### Work item
Reproduce the listing exactly and skip over any pictures.

### Provided material

....................

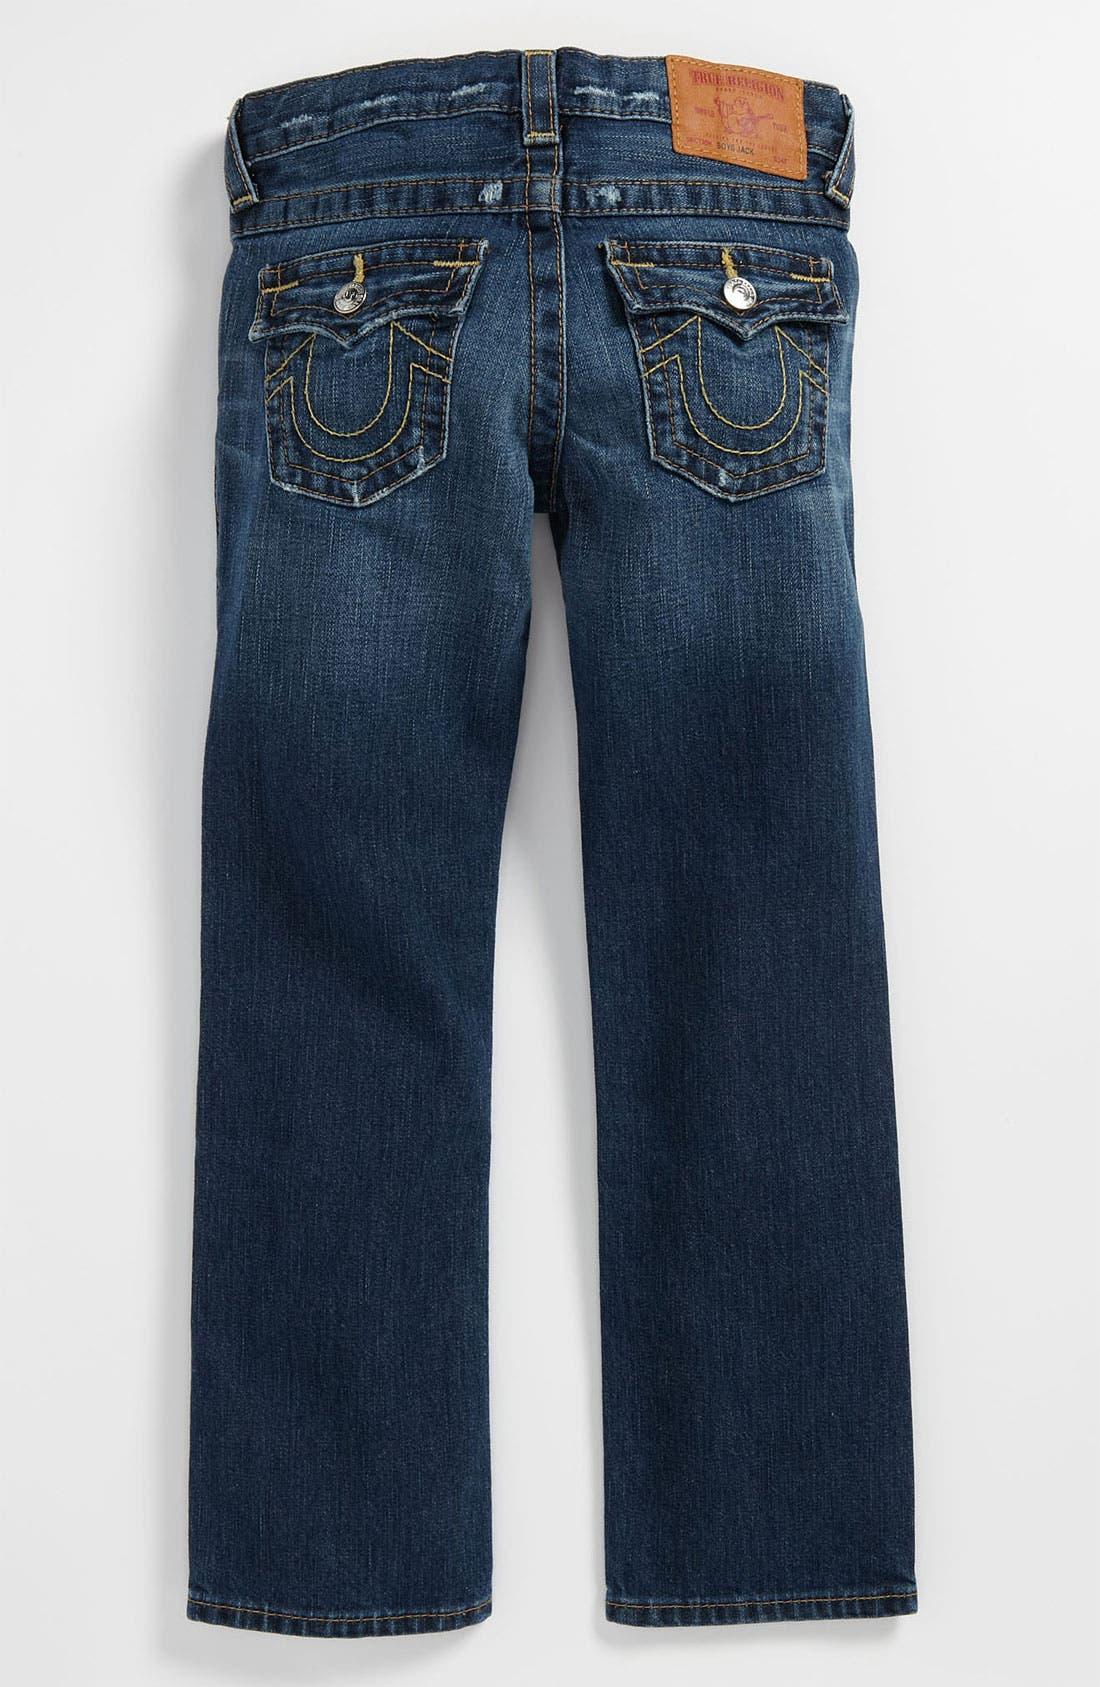 Alternate Image 1 Selected - True Religion Brand Jeans 'Jack Rip & Repair' Jeans (Little Boys)
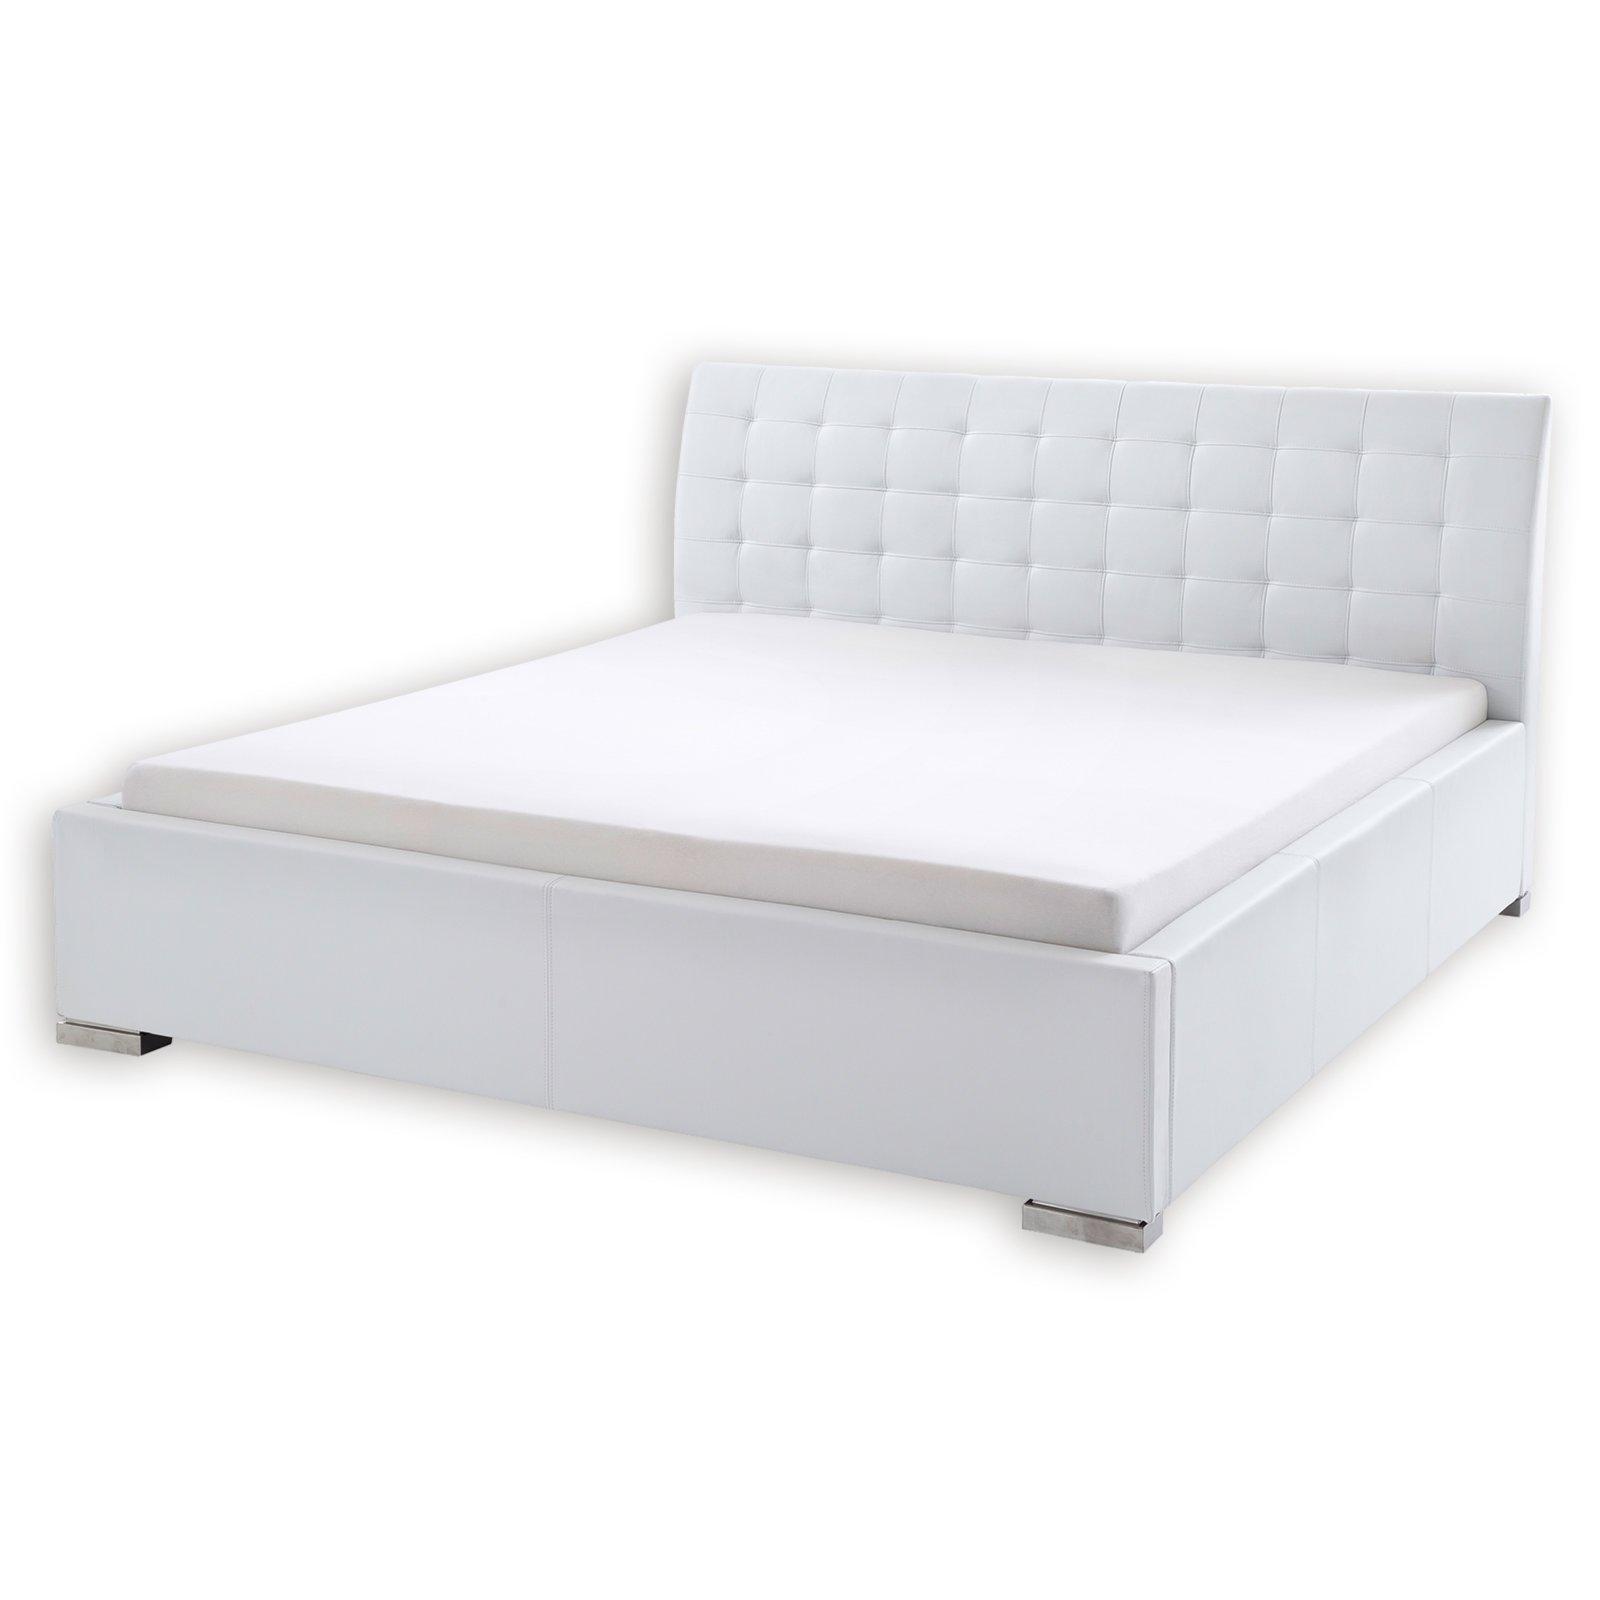 polsterbett isa comfort wei kunstleder 200x200 cm. Black Bedroom Furniture Sets. Home Design Ideas
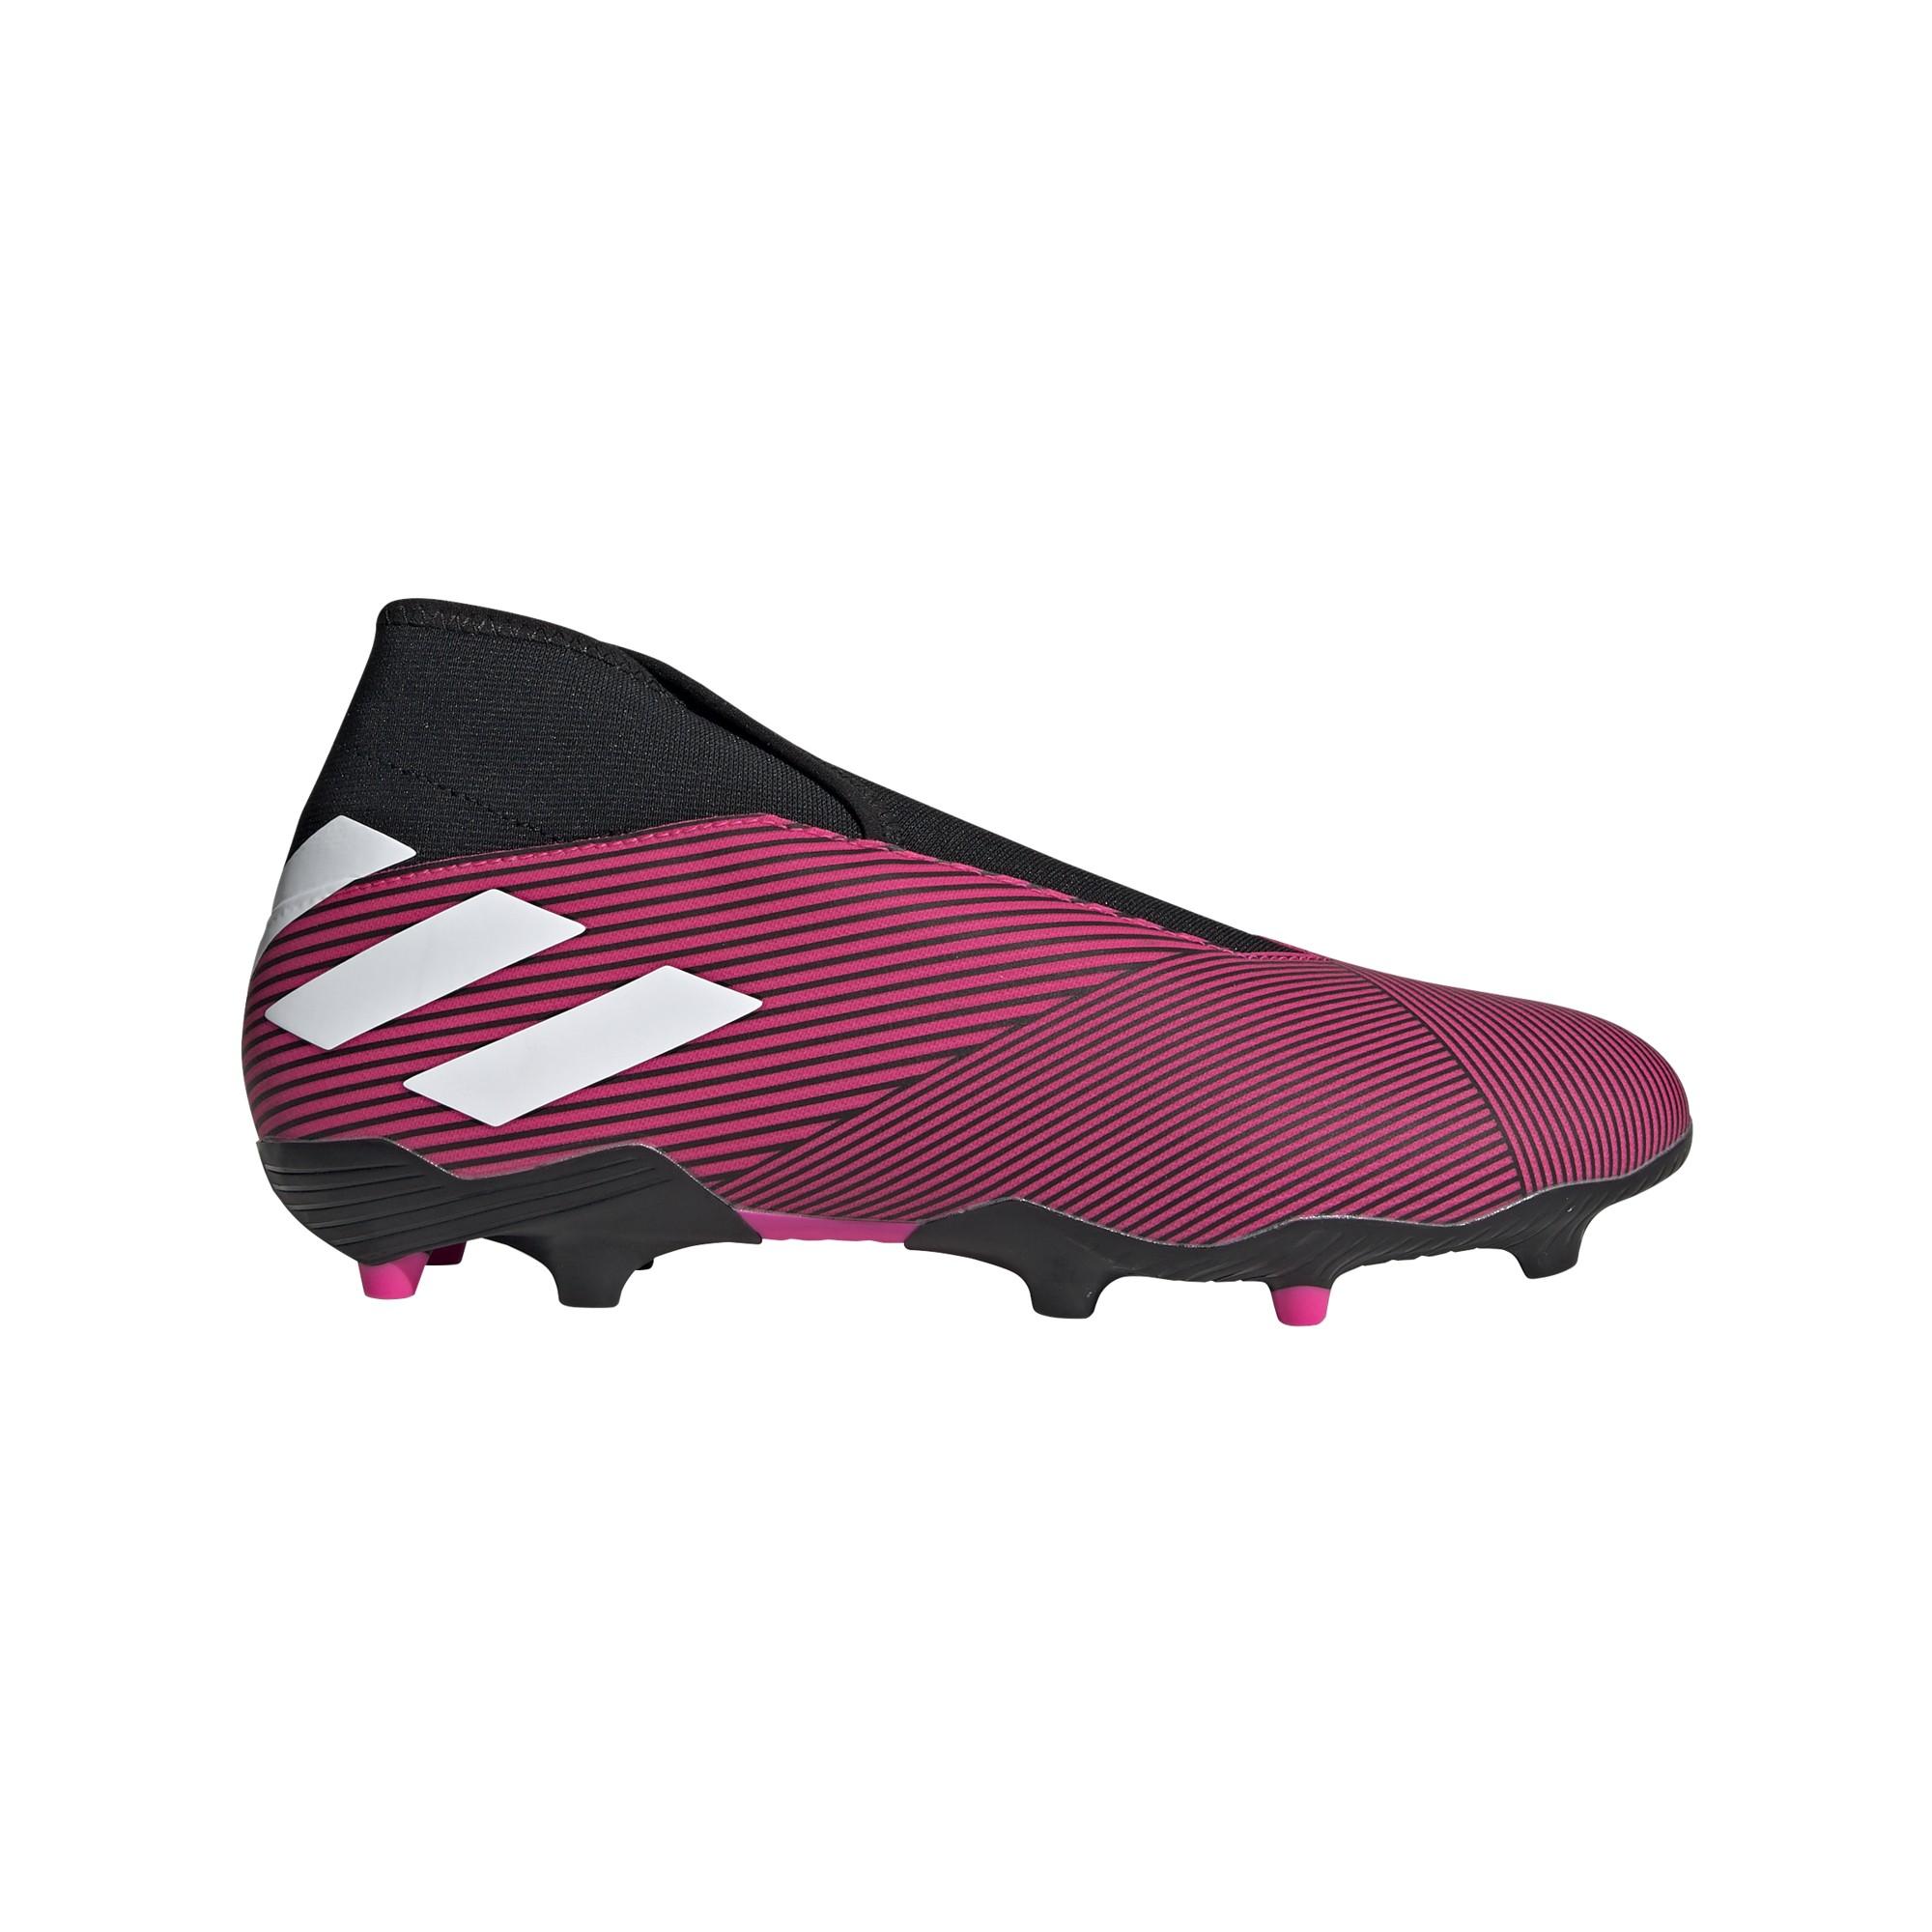 ADIDAS scarpe da calcio nemeziz 19.3 ll fg rosa bianco nero

....................

### Exercise solution
 Alternate Image 1 Selected - True Religion Brand Jeans 'Jack Rip & Repair' Jeans (Little Boys)
 polsterbett isa comfort wei kunstleder 200x200 cm. Black Bedroom Furniture Sets. Home Design Ideas
 ADIDAS scarpe da calcio nemeziz 19.3 ll fg rosa bianco nero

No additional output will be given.